** Try it **
Check the material that follows and say how many lines include the string "para", giving the number alone.

** Data excerpts **
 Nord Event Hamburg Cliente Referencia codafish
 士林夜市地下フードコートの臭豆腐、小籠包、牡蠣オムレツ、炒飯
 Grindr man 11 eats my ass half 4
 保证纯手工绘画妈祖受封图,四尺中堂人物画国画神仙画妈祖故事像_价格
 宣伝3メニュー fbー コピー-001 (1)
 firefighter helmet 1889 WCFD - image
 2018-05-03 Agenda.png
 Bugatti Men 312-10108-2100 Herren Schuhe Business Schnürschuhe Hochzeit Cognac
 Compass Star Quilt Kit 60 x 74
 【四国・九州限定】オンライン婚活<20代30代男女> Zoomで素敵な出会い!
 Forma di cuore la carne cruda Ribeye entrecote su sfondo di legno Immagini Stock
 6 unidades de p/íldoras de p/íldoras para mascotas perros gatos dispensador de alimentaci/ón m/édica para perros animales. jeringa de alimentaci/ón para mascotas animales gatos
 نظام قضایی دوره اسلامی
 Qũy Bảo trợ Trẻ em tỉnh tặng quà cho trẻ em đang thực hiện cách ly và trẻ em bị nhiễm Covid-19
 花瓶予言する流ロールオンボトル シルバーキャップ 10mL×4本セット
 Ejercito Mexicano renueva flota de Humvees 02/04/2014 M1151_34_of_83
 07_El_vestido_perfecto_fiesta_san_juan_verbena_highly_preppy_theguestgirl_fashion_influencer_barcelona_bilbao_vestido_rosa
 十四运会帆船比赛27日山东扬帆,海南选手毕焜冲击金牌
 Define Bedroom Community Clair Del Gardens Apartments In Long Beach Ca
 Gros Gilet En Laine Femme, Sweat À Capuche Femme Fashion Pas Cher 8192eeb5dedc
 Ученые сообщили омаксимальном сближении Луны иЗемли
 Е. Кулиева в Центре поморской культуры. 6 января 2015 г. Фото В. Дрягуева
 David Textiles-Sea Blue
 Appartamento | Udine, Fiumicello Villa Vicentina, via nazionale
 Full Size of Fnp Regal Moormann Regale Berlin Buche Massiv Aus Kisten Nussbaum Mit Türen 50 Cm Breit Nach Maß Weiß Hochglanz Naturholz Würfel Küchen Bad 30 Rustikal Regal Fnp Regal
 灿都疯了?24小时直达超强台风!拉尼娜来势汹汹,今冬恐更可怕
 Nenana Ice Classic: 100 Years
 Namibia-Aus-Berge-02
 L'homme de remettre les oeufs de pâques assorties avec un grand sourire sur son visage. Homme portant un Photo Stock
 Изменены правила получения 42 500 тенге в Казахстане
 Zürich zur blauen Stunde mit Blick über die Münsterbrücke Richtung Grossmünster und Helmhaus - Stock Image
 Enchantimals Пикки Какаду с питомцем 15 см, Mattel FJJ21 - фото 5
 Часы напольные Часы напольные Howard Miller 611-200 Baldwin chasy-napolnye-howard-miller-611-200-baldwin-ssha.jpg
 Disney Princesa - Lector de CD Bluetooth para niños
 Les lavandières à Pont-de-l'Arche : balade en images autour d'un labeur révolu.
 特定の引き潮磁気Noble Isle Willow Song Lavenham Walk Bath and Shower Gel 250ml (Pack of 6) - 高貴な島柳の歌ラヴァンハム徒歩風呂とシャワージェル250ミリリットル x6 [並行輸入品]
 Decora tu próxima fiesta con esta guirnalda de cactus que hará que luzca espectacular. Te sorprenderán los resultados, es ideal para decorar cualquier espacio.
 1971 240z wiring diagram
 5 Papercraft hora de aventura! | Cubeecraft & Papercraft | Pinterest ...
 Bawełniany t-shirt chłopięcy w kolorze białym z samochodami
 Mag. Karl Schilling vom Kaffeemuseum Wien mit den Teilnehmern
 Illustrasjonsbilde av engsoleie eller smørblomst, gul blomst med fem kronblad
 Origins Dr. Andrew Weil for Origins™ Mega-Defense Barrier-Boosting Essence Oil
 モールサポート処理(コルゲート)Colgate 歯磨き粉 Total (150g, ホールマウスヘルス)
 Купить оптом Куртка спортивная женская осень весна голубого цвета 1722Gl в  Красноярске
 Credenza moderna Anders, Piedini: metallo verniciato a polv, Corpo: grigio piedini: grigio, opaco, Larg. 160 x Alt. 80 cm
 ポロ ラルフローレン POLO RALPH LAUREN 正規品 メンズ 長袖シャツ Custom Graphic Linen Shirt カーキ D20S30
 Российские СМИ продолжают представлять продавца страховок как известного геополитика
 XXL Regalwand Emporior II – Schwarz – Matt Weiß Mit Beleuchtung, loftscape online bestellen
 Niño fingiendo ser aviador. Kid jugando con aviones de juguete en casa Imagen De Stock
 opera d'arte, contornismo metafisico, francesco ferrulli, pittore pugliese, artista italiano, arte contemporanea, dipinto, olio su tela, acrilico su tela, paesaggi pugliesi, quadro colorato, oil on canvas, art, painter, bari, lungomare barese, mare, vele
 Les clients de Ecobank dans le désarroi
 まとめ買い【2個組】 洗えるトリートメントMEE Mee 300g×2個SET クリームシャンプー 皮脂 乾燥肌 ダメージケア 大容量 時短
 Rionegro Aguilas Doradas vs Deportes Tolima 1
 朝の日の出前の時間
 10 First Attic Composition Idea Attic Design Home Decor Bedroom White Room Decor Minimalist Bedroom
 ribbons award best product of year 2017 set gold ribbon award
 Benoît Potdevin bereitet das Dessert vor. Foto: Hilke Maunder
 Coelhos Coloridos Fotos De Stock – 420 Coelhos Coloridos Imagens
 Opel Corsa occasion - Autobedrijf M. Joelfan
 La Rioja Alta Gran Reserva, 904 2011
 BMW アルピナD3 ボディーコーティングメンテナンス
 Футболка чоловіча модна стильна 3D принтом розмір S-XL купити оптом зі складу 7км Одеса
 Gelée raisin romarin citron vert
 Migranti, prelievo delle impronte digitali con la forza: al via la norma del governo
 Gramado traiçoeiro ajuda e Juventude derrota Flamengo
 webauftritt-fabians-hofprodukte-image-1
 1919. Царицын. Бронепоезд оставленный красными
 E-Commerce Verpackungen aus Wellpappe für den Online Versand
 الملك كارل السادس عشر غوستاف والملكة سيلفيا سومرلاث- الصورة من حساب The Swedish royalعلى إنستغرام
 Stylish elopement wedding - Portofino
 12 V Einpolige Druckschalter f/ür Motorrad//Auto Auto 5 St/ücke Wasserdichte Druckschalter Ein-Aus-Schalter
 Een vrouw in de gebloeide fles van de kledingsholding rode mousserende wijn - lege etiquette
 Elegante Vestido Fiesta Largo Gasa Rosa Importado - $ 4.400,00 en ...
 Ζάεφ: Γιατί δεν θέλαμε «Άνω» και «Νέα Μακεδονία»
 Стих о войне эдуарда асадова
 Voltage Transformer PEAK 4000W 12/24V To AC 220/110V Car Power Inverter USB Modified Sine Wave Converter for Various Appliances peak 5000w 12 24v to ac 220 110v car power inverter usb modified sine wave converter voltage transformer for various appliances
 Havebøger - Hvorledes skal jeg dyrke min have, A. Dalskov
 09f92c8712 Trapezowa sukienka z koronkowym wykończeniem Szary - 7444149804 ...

** Task response **
3